The traversal speedups observed by these changes alone were around 8 to 10% for single-server traversals and traversals in OneShard setups. Cluster traversals will also benefit from these changes, but to a lesser extent. This is because the network roundtrips have a higher share of the total query execution times there.

Traversal performance can be further improved by not fetching the visited vertices from the storage engine in case the traversal query does not refer to them. For example, in the query:

FOR v, e, p IN 1..3 OUTBOUND 'collection/startVertex' edges
  RETURN e

…the vertex variable (v) is never accessed, making it unnecessary to fetch the vertices from storage. If this optimization is applied, the traversal node will be marked with /* vertex optimized away */ in the query’s execution plan output. Unused edge and path variables (e and p) were already optimized away in previous versions by the optimize-traversals optimizer rule.

Additionally, traversals now accept the options vertexCollections and edgeCollections to restrict the traversal to certain vertex or edge collections.

The use case for vertexCollections is to not follow any edges that will point to other than the specified vertex collections, e.g.

FOR v, e, p IN 1..3 OUTBOUND 'products/123' components
  OPTIONS { vertexCollections: [ "bolts", "screws" ] }
  RETURN v 

The traversal’s start vertex is always considered valid, even if it not stored in any of the collections listed in the vertexCollections option.

The use case for edgeCollections is to not take into consideration any edges from edge collections other than the specified ones, e.g.
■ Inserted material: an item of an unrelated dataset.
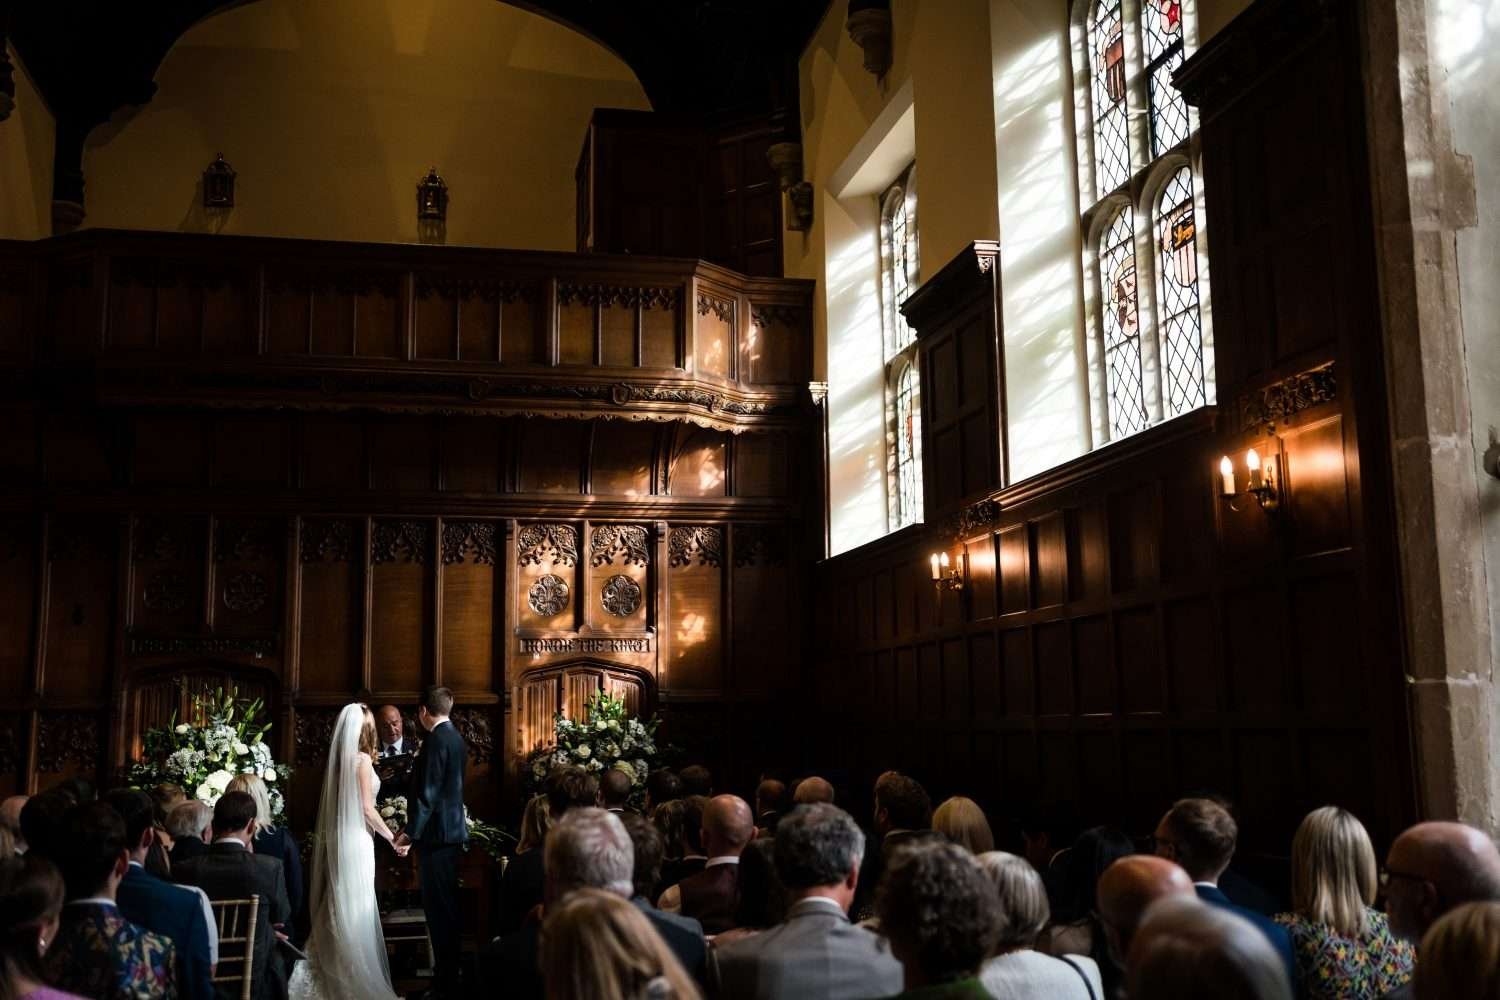 Sunlight streams from high elizabethan leaded windows on the right of a wood panelled room where a bride and groom are being married amid a crowd of seated family and friends.

FOR v, e, p IN 1..3 OUTBOUND 'products/123' GRAPH 'components'
  OPTIONS { edgeCollections: [ "productsToBolts", "productsToScrews" ] }
  RETURN v

This is mostly useful in the context of named graphs, when the named graph contains many edge collections. Not restricting the edge collections for the traversal will make the traversal search for edges in all edge collections of the graph, which can be expensive. In case it is known that only certain edges from the named graph are needed, the edgeCollections option can be a handy performance optimization.

Traversal collection restrictions

Added traversal options vertexCollections and edgeCollections to restrict traversal to certain vertex or edge collections.

The use case for vertexCollections is to not follow any edges that will point to other than the specified vertex collections, e.g.

FOR v, e, p IN 1..3 OUTBOUND 'products/123' components 
  OPTIONS { vertexCollections: [ "bolts", "screws" ] }

The traversal’s start vertex is always considered valid, regardless of whether it is present in the vertexCollections option.

The use case for edgeCollections is to not take into consideration any edges from edge collections other than the specified ones, e.g.

FOR v, e, p IN 1..3 OUTBOUND 'products/123' GRAPH 'components' 
  OPTIONS { edgeCollections: [ "productsToBolts", "productsToScrews" ] }

This is mostly useful in the context of named graphs, when the named graph contains many edge collections. Not restricting the edge collections for the traversal will make the traversal search for edges in all edge collections of the graph, which can be expensive. In case it is known that only certain edges from the named graph are needed, the edgeCollections option can be a handy performance optimization.

AQL functions added

The following AQL functions have been added in ArangoDB 3.7:

Syntax enhancements

AQL now supports trailing commas in array and object definitions.

This is especially convenient for editing multi-line array/object definitions, since there doesn’t need to be a distinction between the last element and all others just for the comma. That means definitions such as the following are now supported:

[
  1,
  2,
  3, // trailing comma
]
{
  "a": 1,
  "b": 2,
  "c": 3, // trailing comma
}

Previous versions of ArangoDB did not support trailing commas in AQL queries and threw query parse errors when they were used.

AQL datetime parsing

The performance of parsing ISO 8601 date/time string values in AQL has improved significantly thanks to a specialized parser, replacing a regular expression.

Ternary operator

Improved the lazy evaluation capabilities of the ternary operator. If the second operand is left out, the expression of the condition is only evaluated once now, instead of once more for the true branch.

Other AQL improvements

The existing AQL optimizer rule move-calculations-down is now able to also move unrelated subqueries beyond SORT and LIMIT instructions, which can help avoid the execution of subqueries for which the results are later discarded.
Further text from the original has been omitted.